GOAL OF THE EXERCISE:
Word-for-word transcription is needed for all of the entries.
(EXTRACTED DATA Opens)
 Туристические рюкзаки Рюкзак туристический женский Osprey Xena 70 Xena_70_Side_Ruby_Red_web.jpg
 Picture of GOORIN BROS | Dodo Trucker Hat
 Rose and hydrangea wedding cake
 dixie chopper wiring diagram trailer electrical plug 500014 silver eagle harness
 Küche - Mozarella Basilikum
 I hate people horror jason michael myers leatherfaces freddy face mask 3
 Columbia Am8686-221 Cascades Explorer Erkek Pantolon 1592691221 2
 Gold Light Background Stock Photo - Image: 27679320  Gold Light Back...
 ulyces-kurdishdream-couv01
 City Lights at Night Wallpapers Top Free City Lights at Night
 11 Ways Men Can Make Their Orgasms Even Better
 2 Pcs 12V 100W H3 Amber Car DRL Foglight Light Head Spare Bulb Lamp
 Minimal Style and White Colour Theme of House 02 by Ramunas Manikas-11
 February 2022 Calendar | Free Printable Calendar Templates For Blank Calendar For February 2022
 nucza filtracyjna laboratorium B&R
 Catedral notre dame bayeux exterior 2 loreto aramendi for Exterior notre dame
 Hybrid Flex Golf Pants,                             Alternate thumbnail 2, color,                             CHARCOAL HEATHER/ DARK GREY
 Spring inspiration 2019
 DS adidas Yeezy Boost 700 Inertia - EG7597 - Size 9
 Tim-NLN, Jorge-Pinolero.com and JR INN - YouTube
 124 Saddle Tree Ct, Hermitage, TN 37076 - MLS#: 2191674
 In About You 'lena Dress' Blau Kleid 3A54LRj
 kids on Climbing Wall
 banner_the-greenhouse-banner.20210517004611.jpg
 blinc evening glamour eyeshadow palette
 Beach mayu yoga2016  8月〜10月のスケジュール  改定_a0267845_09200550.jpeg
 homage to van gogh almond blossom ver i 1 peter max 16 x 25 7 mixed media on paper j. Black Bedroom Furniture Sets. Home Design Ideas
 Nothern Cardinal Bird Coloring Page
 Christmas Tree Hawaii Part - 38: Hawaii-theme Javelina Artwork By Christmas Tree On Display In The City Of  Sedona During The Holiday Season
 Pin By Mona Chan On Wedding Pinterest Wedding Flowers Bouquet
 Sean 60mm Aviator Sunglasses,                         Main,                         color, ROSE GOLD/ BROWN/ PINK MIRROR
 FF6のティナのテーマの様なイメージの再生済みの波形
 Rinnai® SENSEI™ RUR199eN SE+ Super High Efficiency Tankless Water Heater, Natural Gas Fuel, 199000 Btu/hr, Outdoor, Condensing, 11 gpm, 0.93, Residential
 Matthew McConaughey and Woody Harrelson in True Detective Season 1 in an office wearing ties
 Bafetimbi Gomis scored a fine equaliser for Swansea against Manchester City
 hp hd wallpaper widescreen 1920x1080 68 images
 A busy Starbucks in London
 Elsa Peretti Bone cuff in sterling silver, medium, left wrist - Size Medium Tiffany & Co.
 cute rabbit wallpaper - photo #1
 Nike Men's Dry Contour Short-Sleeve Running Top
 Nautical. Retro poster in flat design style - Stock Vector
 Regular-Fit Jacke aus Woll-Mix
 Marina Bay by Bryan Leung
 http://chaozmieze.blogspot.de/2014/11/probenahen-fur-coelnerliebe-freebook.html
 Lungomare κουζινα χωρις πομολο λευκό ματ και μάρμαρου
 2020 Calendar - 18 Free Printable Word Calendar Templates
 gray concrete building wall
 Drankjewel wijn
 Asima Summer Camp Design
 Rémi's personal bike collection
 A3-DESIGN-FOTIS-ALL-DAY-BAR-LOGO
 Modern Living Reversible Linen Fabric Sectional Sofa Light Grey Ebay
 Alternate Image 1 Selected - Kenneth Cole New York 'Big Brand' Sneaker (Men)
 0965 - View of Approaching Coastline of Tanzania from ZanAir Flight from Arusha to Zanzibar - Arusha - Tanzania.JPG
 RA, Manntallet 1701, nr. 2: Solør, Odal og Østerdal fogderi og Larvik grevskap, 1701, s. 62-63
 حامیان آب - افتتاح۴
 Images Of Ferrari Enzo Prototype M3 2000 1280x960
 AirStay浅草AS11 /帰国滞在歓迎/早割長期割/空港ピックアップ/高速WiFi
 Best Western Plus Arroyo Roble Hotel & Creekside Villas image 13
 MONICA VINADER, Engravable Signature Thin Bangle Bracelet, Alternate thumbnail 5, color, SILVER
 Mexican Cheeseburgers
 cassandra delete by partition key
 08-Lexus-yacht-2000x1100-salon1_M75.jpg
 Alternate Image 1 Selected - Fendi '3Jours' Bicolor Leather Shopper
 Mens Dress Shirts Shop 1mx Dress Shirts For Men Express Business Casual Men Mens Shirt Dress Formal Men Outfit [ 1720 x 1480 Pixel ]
(EXTRACTED DATA Closes)
WORKED SOLUTION:
 Туристические рюкзаки Рюкзак туристический женский Osprey Xena 70 Xena_70_Side_Ruby_Red_web.jpg
 Picture of GOORIN BROS | Dodo Trucker Hat
 Rose and hydrangea wedding cake
 dixie chopper wiring diagram trailer electrical plug 500014 silver eagle harness
 Küche - Mozarella Basilikum
 I hate people horror jason michael myers leatherfaces freddy face mask 3
 Columbia Am8686-221 Cascades Explorer Erkek Pantolon 1592691221 2
 Gold Light Background Stock Photo - Image: 27679320  Gold Light Back...
 ulyces-kurdishdream-couv01
 City Lights at Night Wallpapers Top Free City Lights at Night
 11 Ways Men Can Make Their Orgasms Even Better
 2 Pcs 12V 100W H3 Amber Car DRL Foglight Light Head Spare Bulb Lamp
 Minimal Style and White Colour Theme of House 02 by Ramunas Manikas-11
 February 2022 Calendar | Free Printable Calendar Templates For Blank Calendar For February 2022
 nucza filtracyjna laboratorium B&R
 Catedral notre dame bayeux exterior 2 loreto aramendi for Exterior notre dame
 Hybrid Flex Golf Pants,                             Alternate thumbnail 2, color,                             CHARCOAL HEATHER/ DARK GREY
 Spring inspiration 2019
 DS adidas Yeezy Boost 700 Inertia - EG7597 - Size 9
 Tim-NLN, Jorge-Pinolero.com and JR INN - YouTube
 124 Saddle Tree Ct, Hermitage, TN 37076 - MLS#: 2191674
 In About You 'lena Dress' Blau Kleid 3A54LRj
 kids on Climbing Wall
 banner_the-greenhouse-banner.20210517004611.jpg
 blinc evening glamour eyeshadow palette
 Beach mayu yoga2016  8月〜10月のスケジュール  改定_a0267845_09200550.jpeg
 homage to van gogh almond blossom ver i 1 peter max 16 x 25 7 mixed media on paper j. Black Bedroom Furniture Sets. Home Design Ideas
 Nothern Cardinal Bird Coloring Page
 Christmas Tree Hawaii Part - 38: Hawaii-theme Javelina Artwork By Christmas Tree On Display In The City Of  Sedona During The Holiday Season
 Pin By Mona Chan On Wedding Pinterest Wedding Flowers Bouquet
 Sean 60mm Aviator Sunglasses,                         Main,                         color, ROSE GOLD/ BROWN/ PINK MIRROR
 FF6のティナのテーマの様なイメージの再生済みの波形
 Rinnai® SENSEI™ RUR199eN SE+ Super High Efficiency Tankless Water Heater, Natural Gas Fuel, 199000 Btu/hr, Outdoor, Condensing, 11 gpm, 0.93, Residential
 Matthew McConaughey and Woody Harrelson in True Detective Season 1 in an office wearing ties
 Bafetimbi Gomis scored a fine equaliser for Swansea against Manchester City
 hp hd wallpaper widescreen 1920x1080 68 images
 A busy Starbucks in London
 Elsa Peretti Bone cuff in sterling silver, medium, left wrist - Size Medium Tiffany & Co.
 cute rabbit wallpaper - photo #1
 Nike Men's Dry Contour Short-Sleeve Running Top
 Nautical. Retro poster in flat design style - Stock Vector
 Regular-Fit Jacke aus Woll-Mix
 Marina Bay by Bryan Leung
 http://chaozmieze.blogspot.de/2014/11/probenahen-fur-coelnerliebe-freebook.html
 Lungomare κουζινα χωρις πομολο λευκό ματ και μάρμαρου
 2020 Calendar - 18 Free Printable Word Calendar Templates
 gray concrete building wall
 Drankjewel wijn
 Asima Summer Camp Design
 Rémi's personal bike collection
 A3-DESIGN-FOTIS-ALL-DAY-BAR-LOGO
 Modern Living Reversible Linen Fabric Sectional Sofa Light Grey Ebay
 Alternate Image 1 Selected - Kenneth Cole New York 'Big Brand' Sneaker (Men)
 0965 - View of Approaching Coastline of Tanzania from ZanAir Flight from Arusha to Zanzibar - Arusha - Tanzania.JPG
 RA, Manntallet 1701, nr. 2: Solør, Odal og Østerdal fogderi og Larvik grevskap, 1701, s. 62-63
 حامیان آب - افتتاح۴
 Images Of Ferrari Enzo Prototype M3 2000 1280x960
 AirStay浅草AS11 /帰国滞在歓迎/早割長期割/空港ピックアップ/高速WiFi
 Best Western Plus Arroyo Roble Hotel & Creekside Villas image 13
 MONICA VINADER, Engravable Signature Thin Bangle Bracelet, Alternate thumbnail 5, color, SILVER
 Mexican Cheeseburgers
 cassandra delete by partition key
 08-Lexus-yacht-2000x1100-salon1_M75.jpg
 Alternate Image 1 Selected - Fendi '3Jours' Bicolor Leather Shopper
 Mens Dress Shirts Shop 1mx Dress Shirts For Men Express Business Casual Men Mens Shirt Dress Formal Men Outfit [ 1720 x 1480 Pixel ]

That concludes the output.